Throughout this period, the Lerwick PG measurements began to show anomalous reductions, which also occurred at Eskdalemuir, Porto, and Lisbon (Stewart, 1960). A reduction in PG due to radioactivity dispersal had been reported in Tucson, Arizona, following a nuclear detonation about 500 mi. (about 800 km) away in Nevada (Harris, 1955). It was concluded that the measurements at Lerwick were also affected by radioactivity contamination from distant nuclear weapons tests (Hamilton, 1965). When longer time series became available, a common effect was evident in data from the UK, Portugal, and Japan (Pierce, 1972)6, and radioactivity deposition processes were more extensively examined (Holzer, 1972).

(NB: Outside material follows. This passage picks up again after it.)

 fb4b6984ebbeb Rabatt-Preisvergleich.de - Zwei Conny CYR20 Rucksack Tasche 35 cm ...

During electrometer comparisons made in May 1960, variations in the reduction factors had been seen. This was investigated by a summer student in 1964, who found a marked PG variation with the wind direction. Greater PG values were found for southerly airstreams. By investigating the air flowing over Loch Trebister and through measurements made during freezing conditions, the radioactivity effects were deduced to arise only over land. This conclusion followed from two observations. First, during freezing conditions, which were assumed to prevent radioactive material from leaving the soil, the PG was increased. Second, over water, which would not have retained surface radioactive material, the PG was also increased. Together, these indicated that the conductivity was only being reduced over land.

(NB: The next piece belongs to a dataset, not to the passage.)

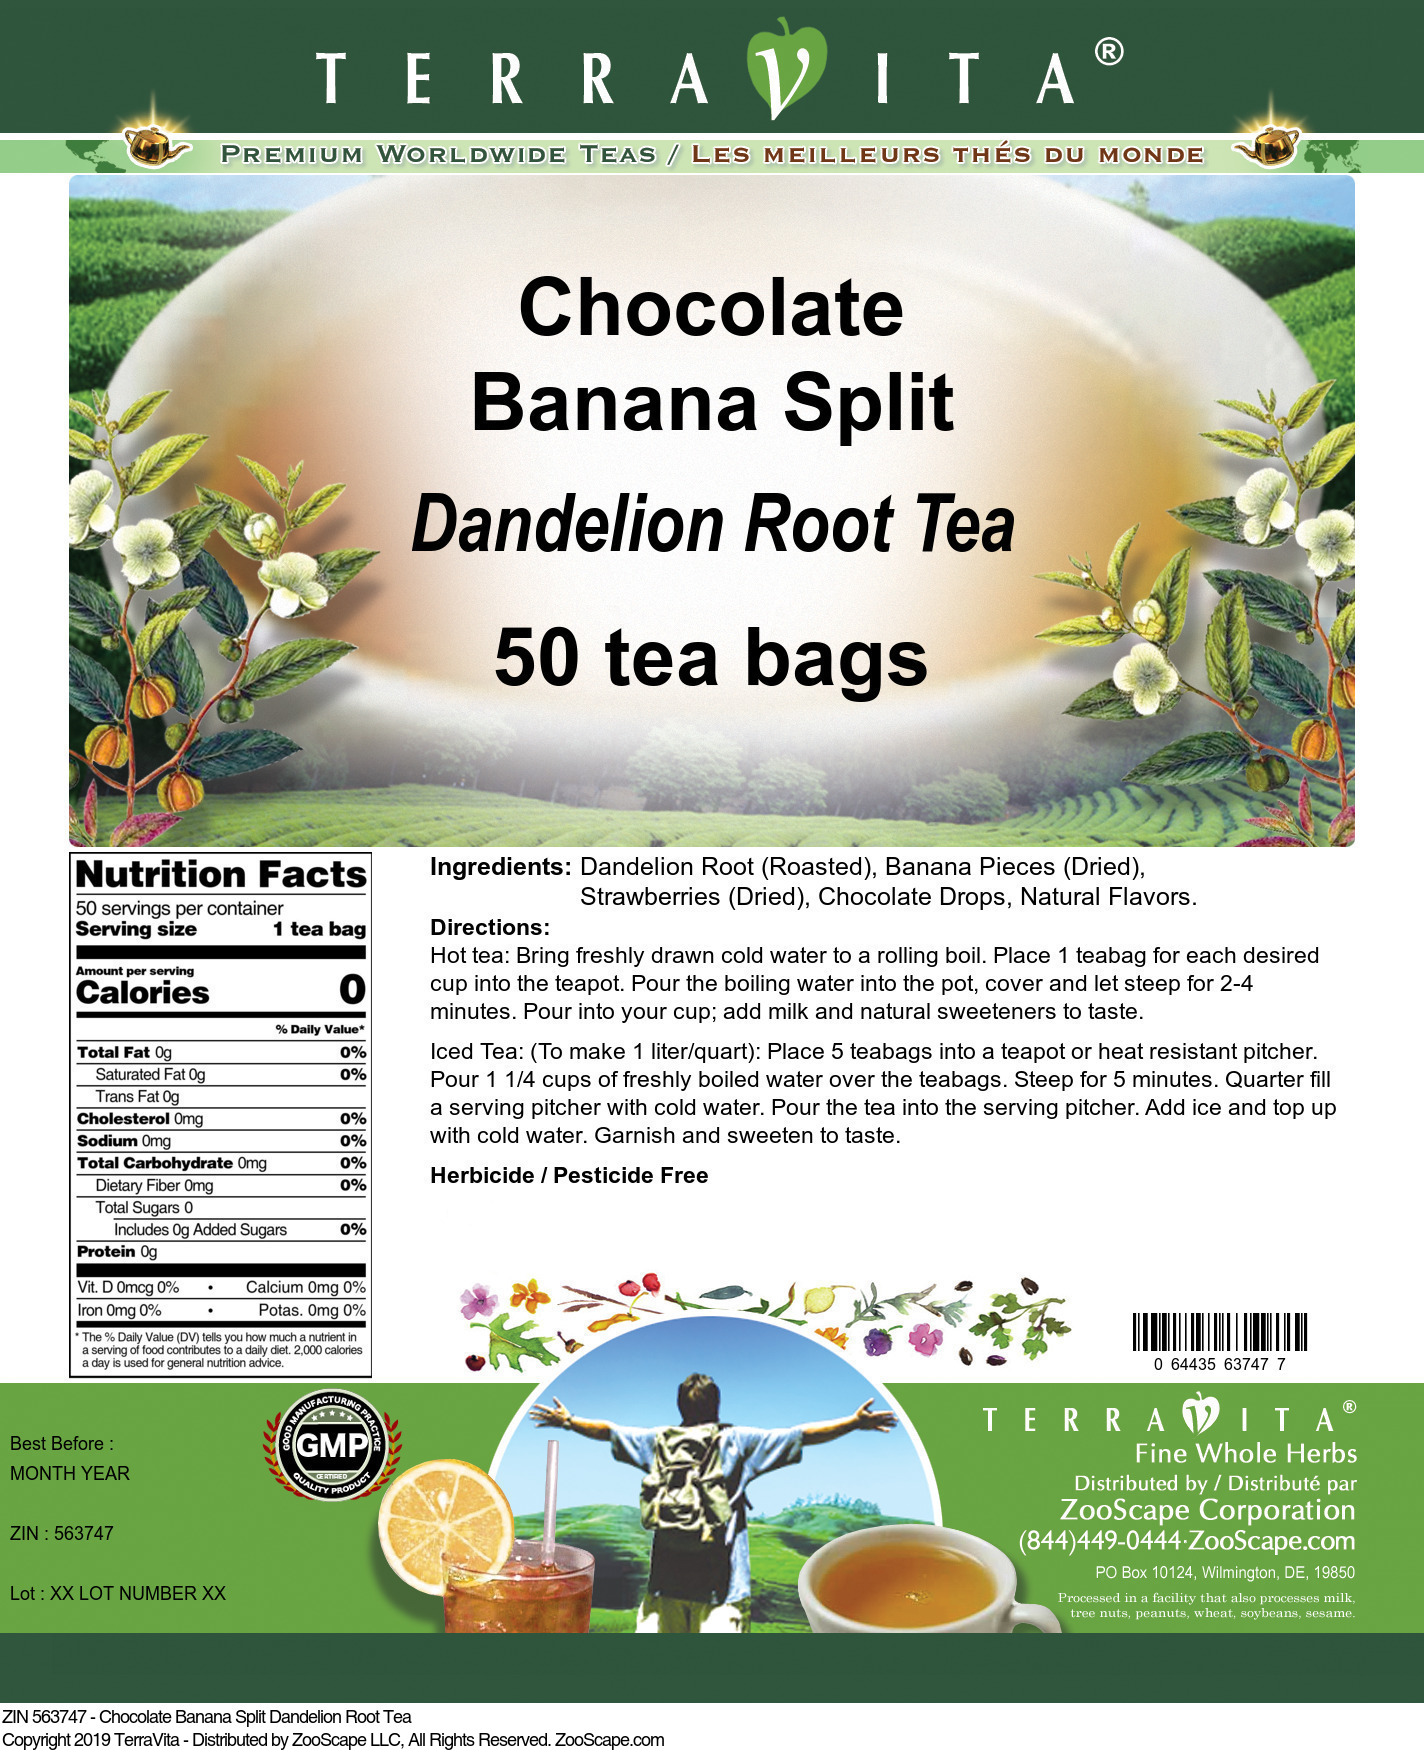 Chocolate Banana Split Dandelion Root

As part of the move to new offices in 1960, the Benndorf electrograph was dismantled. From January 1960, a thermionic valve electrometer designed by Alan Brewer (1915–2007; long-term collaborator of G. M. B. Dobson at the University of Oxford and instrument scientist) replaced the Benndorf electrometer (Brewer, 1953) with a chart recorded added to provide the paper trace. This system is shown operating in Fig. 6. A comparison was made between the Benndorf and Brewer electrographs from May 1960, and the values correlated well. It was concluded that, although the Benndorf was a simple instrument to use, its sensitivity was inconsistent across its range. In addition, the Brewer electrometer was more complicated, and it was thought to be more difficult to identify malfunctions. When repairs were needed, however, the electrometer valves were readily changed.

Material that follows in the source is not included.